Assignment: Only one stretch of the data below is wanted: the lines starting at the one with "Ralph Lauren Pinstripe" and ending at the one with "[Apple MFi Certified]", both included, given again exactly.

[Dataset excerpts]
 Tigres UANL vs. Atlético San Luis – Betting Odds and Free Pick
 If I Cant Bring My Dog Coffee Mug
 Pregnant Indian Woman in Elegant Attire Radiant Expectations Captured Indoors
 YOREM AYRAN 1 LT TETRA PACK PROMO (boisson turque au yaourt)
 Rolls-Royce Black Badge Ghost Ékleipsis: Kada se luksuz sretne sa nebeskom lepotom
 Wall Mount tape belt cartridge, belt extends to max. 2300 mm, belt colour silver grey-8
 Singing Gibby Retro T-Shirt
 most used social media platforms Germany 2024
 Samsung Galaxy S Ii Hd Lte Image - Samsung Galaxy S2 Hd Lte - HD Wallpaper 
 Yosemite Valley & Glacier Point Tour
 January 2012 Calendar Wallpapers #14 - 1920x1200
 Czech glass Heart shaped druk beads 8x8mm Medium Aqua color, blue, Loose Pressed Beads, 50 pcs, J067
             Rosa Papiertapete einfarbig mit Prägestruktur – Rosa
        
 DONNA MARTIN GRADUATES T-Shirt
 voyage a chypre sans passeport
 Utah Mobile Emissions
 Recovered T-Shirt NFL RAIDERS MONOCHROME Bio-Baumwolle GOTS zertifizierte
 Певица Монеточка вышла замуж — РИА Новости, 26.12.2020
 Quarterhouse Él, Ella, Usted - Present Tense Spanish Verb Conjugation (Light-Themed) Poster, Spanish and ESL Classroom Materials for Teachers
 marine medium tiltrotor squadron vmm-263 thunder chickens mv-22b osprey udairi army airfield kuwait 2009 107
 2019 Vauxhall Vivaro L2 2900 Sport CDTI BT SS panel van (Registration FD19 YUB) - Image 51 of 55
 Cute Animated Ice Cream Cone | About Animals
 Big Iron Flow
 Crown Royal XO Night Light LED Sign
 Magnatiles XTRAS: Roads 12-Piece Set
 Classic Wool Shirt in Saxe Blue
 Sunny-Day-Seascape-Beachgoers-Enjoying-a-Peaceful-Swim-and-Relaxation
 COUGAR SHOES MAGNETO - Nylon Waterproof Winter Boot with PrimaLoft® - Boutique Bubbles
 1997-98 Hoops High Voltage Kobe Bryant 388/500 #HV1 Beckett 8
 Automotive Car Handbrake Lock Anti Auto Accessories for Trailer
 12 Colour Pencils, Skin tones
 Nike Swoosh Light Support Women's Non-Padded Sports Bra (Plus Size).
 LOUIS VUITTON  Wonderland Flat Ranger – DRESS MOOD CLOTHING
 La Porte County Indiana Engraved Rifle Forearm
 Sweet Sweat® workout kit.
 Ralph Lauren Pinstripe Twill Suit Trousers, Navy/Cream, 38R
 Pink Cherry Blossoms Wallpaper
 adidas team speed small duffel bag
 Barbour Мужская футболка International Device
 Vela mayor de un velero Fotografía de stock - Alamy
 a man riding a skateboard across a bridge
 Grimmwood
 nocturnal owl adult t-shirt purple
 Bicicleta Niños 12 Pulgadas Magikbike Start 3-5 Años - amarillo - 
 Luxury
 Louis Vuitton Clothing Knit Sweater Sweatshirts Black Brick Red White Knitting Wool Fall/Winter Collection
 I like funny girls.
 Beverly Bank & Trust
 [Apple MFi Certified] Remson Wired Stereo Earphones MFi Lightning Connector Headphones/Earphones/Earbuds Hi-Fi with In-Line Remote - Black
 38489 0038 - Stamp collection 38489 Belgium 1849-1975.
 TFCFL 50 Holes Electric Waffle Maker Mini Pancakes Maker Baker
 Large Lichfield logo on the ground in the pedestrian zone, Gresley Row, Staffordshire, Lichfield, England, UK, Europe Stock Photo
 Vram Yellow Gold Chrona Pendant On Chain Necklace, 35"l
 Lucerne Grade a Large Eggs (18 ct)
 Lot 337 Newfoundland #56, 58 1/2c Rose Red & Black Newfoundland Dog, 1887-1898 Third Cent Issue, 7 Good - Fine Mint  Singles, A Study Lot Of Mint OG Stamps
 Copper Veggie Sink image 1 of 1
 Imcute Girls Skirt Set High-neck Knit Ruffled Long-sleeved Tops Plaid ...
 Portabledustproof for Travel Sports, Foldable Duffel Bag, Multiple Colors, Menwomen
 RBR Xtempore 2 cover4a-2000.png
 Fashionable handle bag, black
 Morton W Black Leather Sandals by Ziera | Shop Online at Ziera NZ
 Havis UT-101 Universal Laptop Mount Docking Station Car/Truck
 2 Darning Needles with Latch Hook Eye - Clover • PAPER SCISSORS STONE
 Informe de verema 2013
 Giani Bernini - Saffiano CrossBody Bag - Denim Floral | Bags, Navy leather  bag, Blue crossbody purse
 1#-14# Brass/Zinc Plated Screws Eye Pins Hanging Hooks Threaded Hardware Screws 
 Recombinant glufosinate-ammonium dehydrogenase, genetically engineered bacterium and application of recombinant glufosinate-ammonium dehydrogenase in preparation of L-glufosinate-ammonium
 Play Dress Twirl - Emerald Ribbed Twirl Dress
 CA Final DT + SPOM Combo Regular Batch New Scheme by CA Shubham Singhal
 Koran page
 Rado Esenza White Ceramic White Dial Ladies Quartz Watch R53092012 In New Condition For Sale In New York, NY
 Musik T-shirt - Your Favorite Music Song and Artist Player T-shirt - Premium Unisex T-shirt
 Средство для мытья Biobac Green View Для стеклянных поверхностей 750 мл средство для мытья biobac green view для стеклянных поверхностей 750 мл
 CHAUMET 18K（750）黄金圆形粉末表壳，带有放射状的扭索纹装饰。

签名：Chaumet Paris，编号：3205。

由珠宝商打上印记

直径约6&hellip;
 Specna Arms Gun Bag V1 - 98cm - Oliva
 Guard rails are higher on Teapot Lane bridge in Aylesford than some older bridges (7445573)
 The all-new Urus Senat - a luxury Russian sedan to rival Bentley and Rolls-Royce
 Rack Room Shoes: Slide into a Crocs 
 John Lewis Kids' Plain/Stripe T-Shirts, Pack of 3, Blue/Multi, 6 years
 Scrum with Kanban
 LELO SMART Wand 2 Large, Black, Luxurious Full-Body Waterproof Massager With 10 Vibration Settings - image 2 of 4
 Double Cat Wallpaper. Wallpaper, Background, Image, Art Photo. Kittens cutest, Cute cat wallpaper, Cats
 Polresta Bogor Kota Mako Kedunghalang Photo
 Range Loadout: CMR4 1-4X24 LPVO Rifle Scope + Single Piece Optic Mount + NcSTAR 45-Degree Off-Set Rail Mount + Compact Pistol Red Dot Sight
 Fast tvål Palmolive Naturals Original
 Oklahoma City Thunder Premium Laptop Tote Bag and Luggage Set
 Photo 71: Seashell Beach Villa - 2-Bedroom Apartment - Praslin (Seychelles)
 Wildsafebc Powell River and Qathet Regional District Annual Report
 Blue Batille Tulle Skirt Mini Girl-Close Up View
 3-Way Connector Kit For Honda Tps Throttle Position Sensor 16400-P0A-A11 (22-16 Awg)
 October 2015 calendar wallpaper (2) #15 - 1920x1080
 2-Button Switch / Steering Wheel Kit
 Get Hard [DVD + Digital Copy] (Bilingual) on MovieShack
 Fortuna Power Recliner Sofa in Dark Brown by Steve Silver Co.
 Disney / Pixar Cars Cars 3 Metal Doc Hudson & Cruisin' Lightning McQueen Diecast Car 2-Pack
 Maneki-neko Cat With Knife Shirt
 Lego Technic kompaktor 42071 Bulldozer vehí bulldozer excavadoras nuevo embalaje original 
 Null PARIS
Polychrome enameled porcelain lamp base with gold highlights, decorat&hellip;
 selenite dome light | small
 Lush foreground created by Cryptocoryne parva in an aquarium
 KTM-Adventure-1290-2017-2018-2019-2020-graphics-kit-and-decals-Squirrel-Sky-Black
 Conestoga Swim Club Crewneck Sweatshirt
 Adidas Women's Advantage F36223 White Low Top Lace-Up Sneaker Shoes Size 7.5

Exercise answer:
 Ralph Lauren Pinstripe Twill Suit Trousers, Navy/Cream, 38R
 Pink Cherry Blossoms Wallpaper
 adidas team speed small duffel bag
 Barbour Мужская футболка International Device
 Vela mayor de un velero Fotografía de stock - Alamy
 a man riding a skateboard across a bridge
 Grimmwood
 nocturnal owl adult t-shirt purple
 Bicicleta Niños 12 Pulgadas Magikbike Start 3-5 Años - amarillo - 
 Luxury
 Louis Vuitton Clothing Knit Sweater Sweatshirts Black Brick Red White Knitting Wool Fall/Winter Collection
 I like funny girls.
 Beverly Bank & Trust
 [Apple MFi Certified] Remson Wired Stereo Earphones MFi Lightning Connector Headphones/Earphones/Earbuds Hi-Fi with In-Line Remote - Black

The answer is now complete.